第三章では,避難時の出口付近での人の振る舞いの効果をフロアフィールドモデルに導入し,クラスター近似により流動係数の理論式を導いた.この式を解析することにより,出口の幅が広い場合は競争状態にある群集の方が早く避難できるが,幅が狭い場合は協力状態の群集の方が早く避難できることが分かった.さらに出口が部屋の角にある場合,壁の効果により競争状態の流動係数が大きくなることも調べられた.

第四章では,退出過程で重要な現象である「複数人の同時衝突」と「出口手前での方向転換」の効果を第三章のモデルに導入し,そのモデルの妥当性を実験により検証した.さらに障害物を出口前の適切な位置に置くと流動係数が大きくなることを実験により発見した.本論文のモデルを用いることで,この現象は障害物で人の自由な動きが制限され,大人数での衝突頻度が減少することが原因であると説明することができる.

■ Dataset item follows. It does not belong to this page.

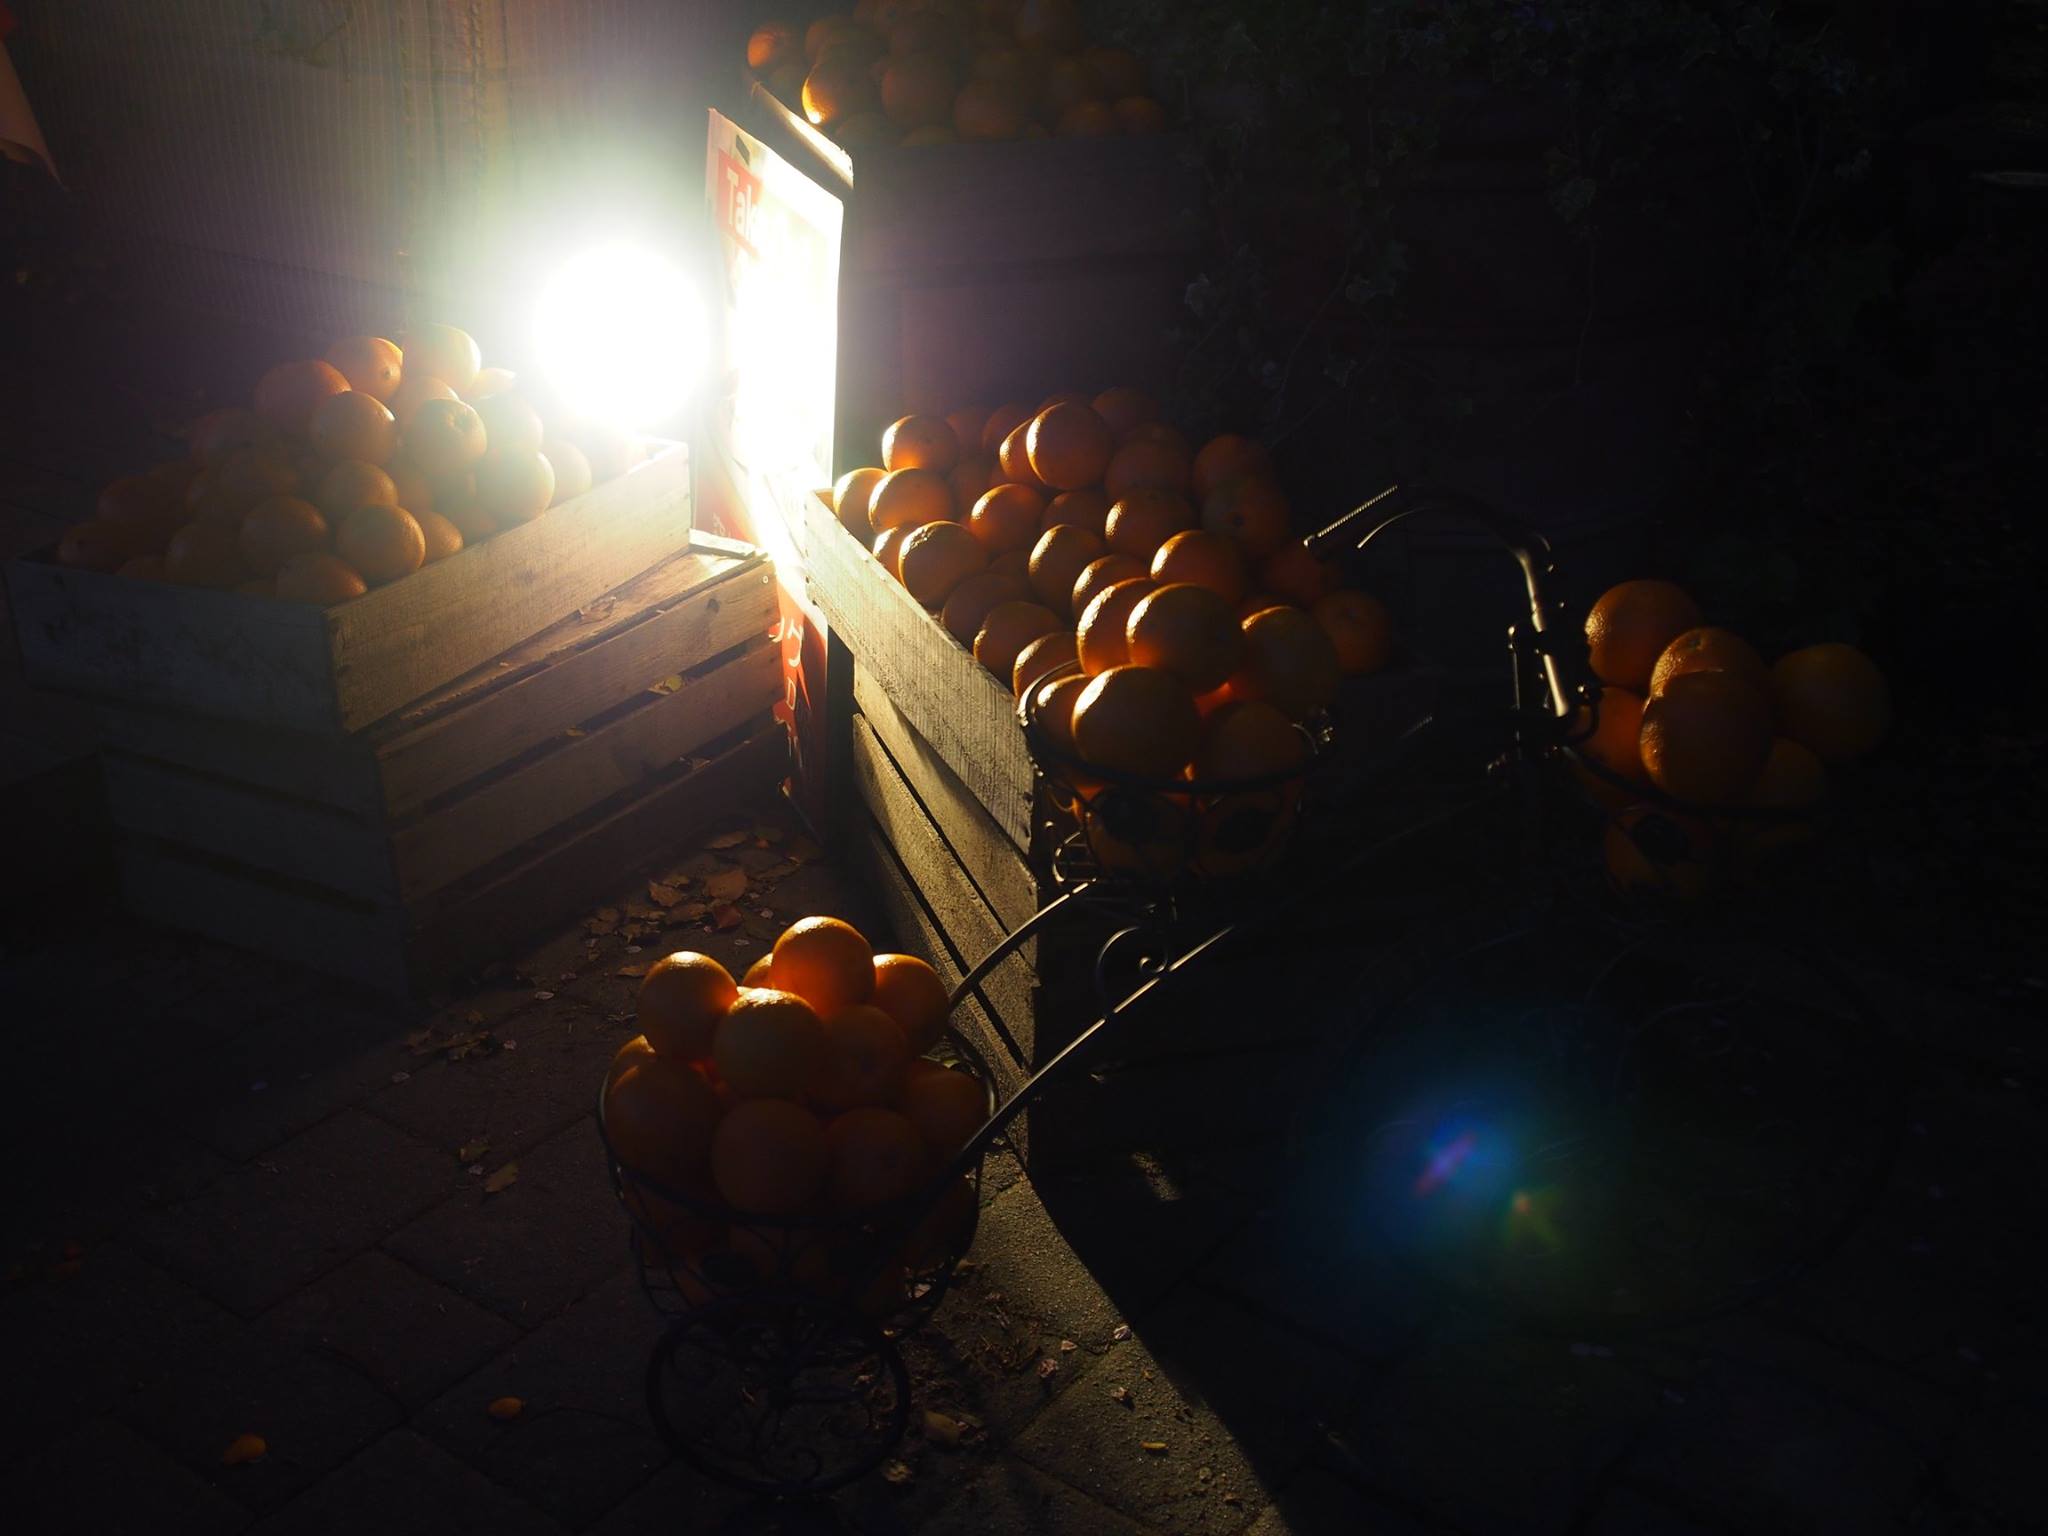 crates of oranges hiroshima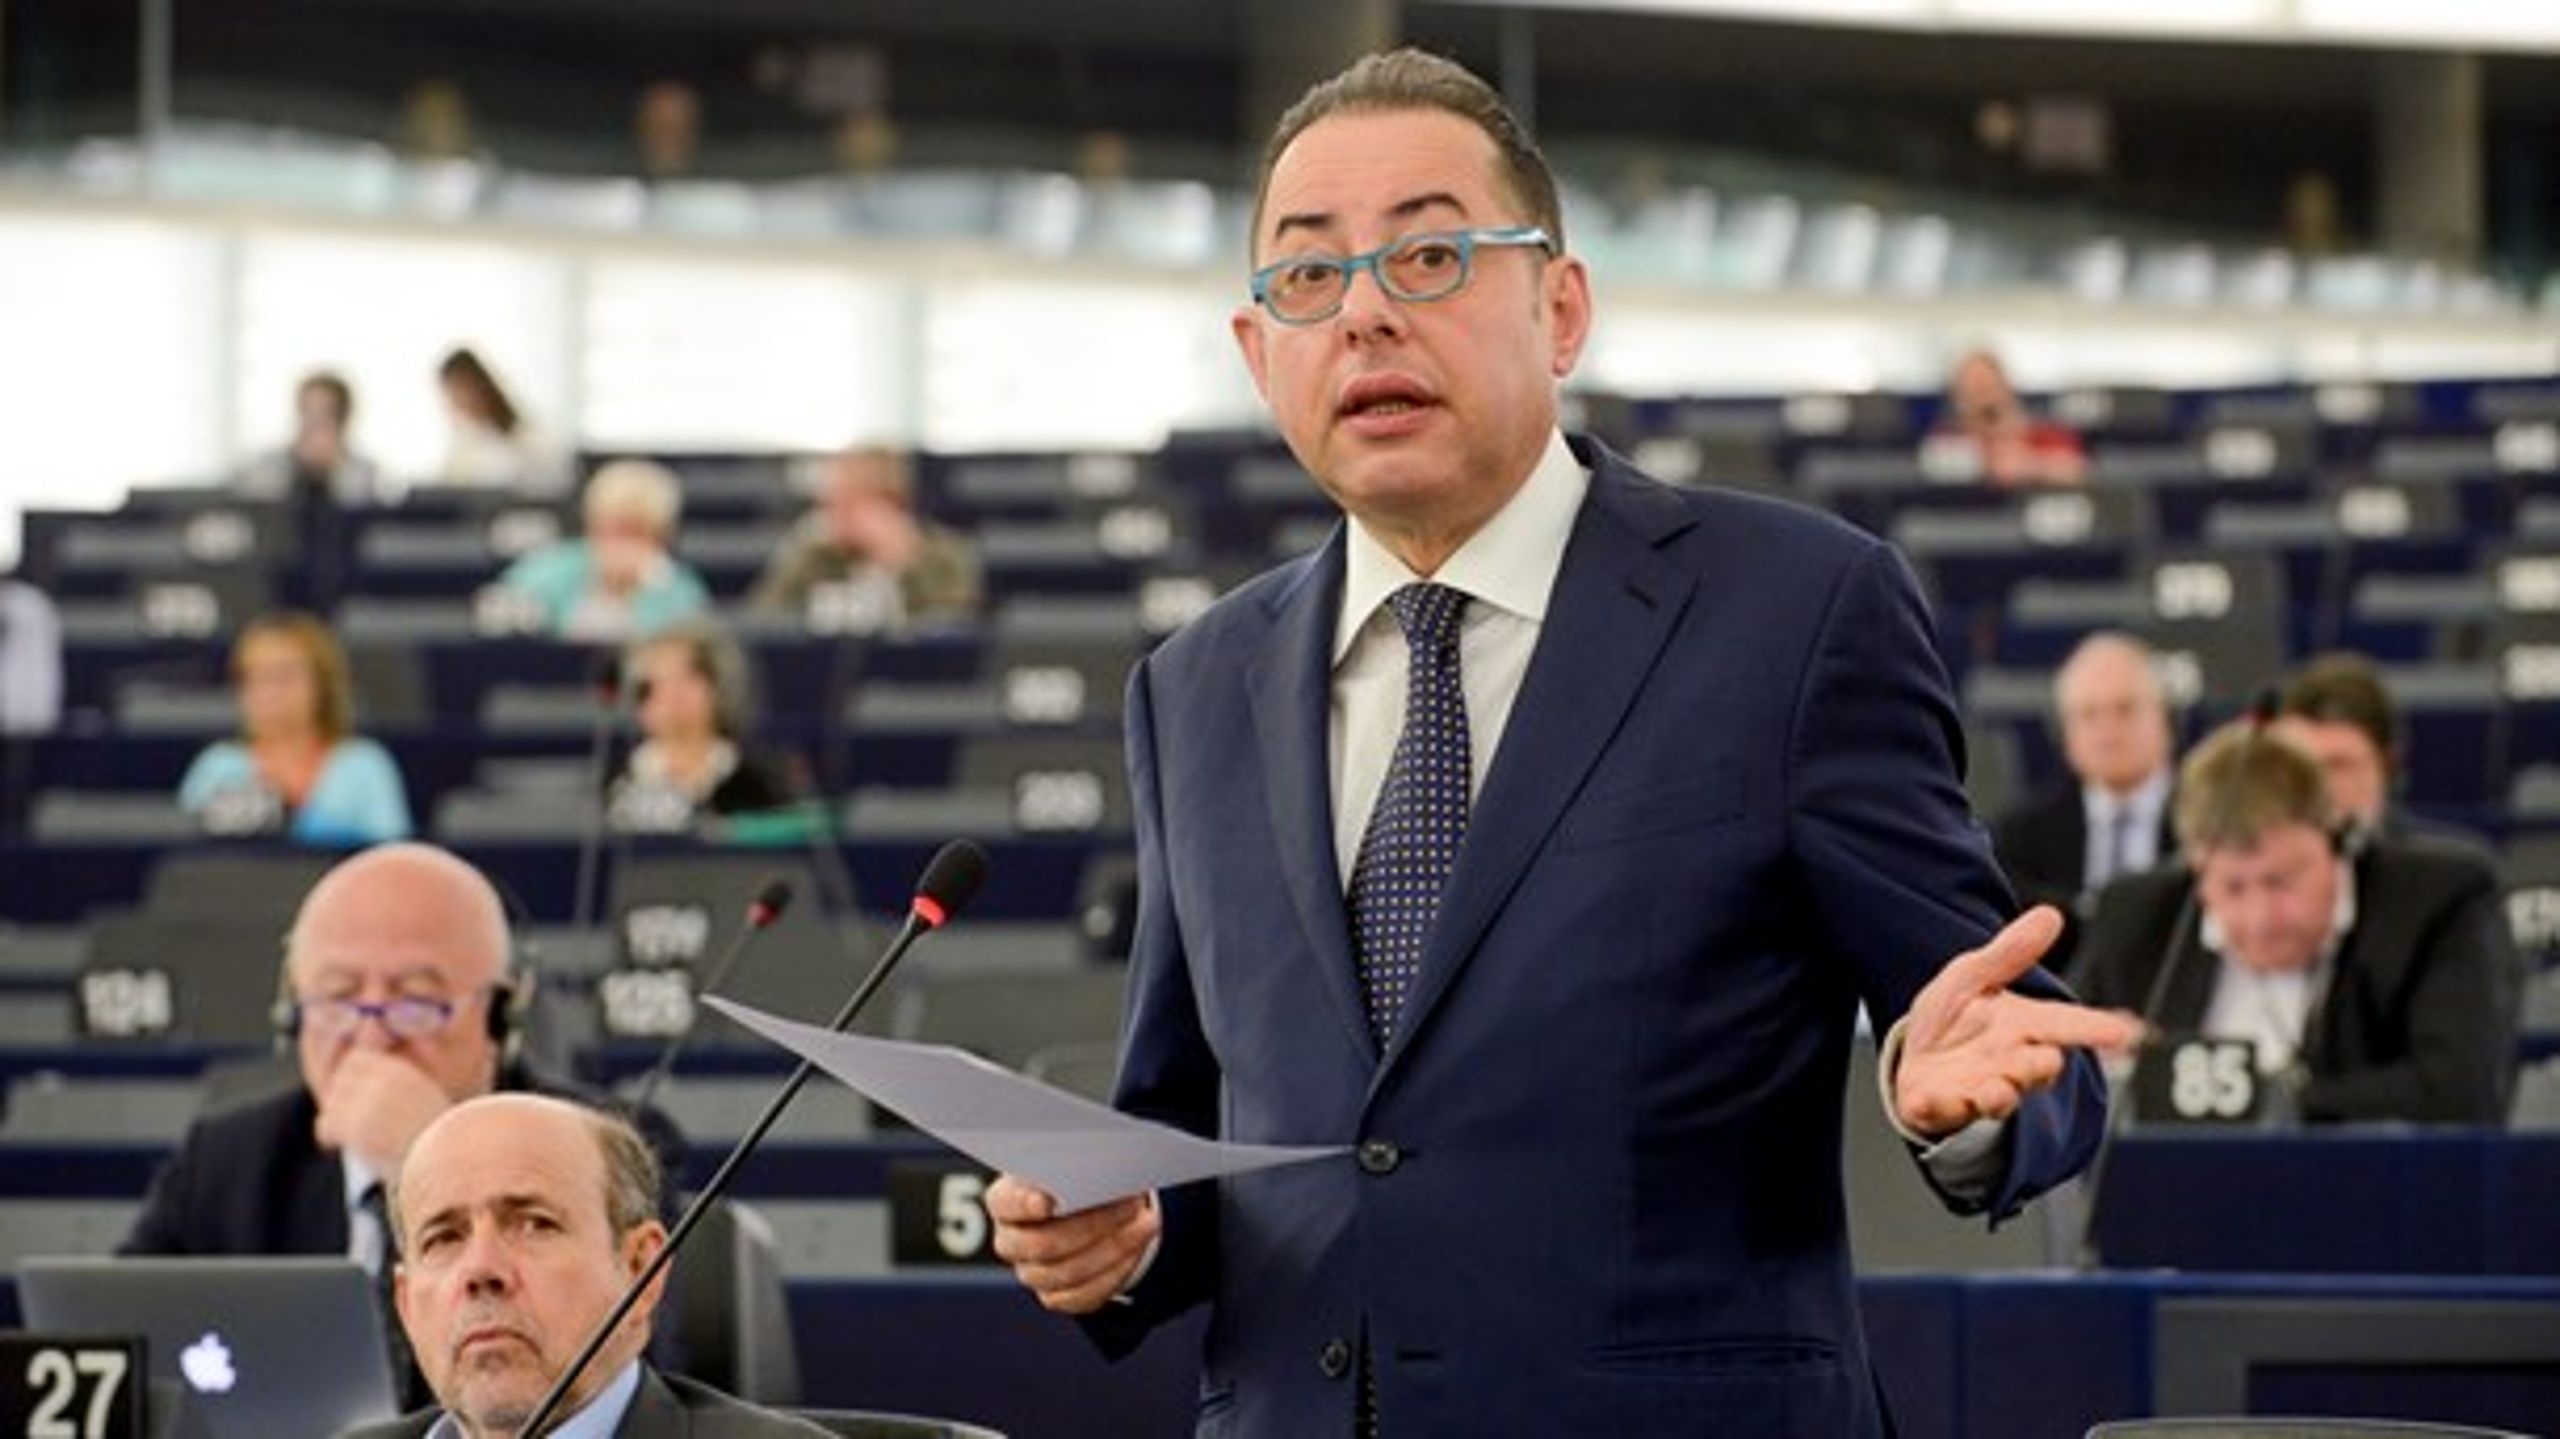 Formanden for den socialdemokratiske S&amp;D-gruppe i Europa-Parlamentet, Gianni Pittella,&nbsp;mener, at forhandlingerne om tyrkisk optagelse i EU skal lægges på is. Parlamentarikerne stemmer om spørgsmålet torsdag.

第五章は,窓口が一つの場合の人の待ち行列について書かれている.現在通信の分野などで応用されている待ち行列理論は,人の排除体積効果が考慮されていないという点で人の待ち行列の設計に対しては必ずしも有効な理論とは言えない.そこで待ち行列理論に排除体積効果を導入し,待ち人数や待ち時間,人と人の間の間隔も考慮した行列の長さの確率分布や平均値を厳密に求め,それらが列を詰める時間のために増加してしまうことを数学的に示した.さらに論文では実際の人による実験も行い,上記の現象を確認することにも成功した.

第六章は,窓口が複数ある待ち行列における平均待ち時間の減少方法ついて書かれている.待ち行列理論に行列の先頭から窓口までの歩行距離の効果を導入しシミュレーションと理論解析を行うと,非常に混雑している場合や歩行時間に対してサービス時間が短い場合は,窓口ごとに待ち行列を形成する「並列型」の方が待ち行列を一つにまとめる「フォーク型」より平均待ち時間が短くなるという今までの待ち行列理論ではなかった結果を導出した.また待ち行列の先頭を待ち行列システムの中心に設置したり,窓口の手前で一人だけ待たせるようにしたりしたフォーク型は,平均待ち時間を短くできることも見出された.さらに人の精神的なストレスに関係のあるサービス順序についても考察が加えられ,トーナメント表のような形状の待ち行列システムを形成することにより,平均待ち時間と順序の入れ替わりが共に小さい待ち行列システムを実現できることも分かった.空港の入国審査会場のような審査時間が長い外国人と短い日本人が混在したケースを研究し,その流れの改善方法の提案をしている.

以上要するに,本論文は,航空機や空港内などのボトルネックである出口と待ち行列をモデル化し,そこにおける流動係数の増加方法と平均待ち時間の短縮方法,つまりは人の流れをスムーズにするための具体的な方法を提案している.これらの結果は,航空機や建物からの総避難時間や空港や駅などの待ち時間短縮や、航空機の定時運行などに応用することが可能であり,航空工学上貢献するところが大きい.

よって本論文は博士(工学)の学位請求論文として合格と認められる.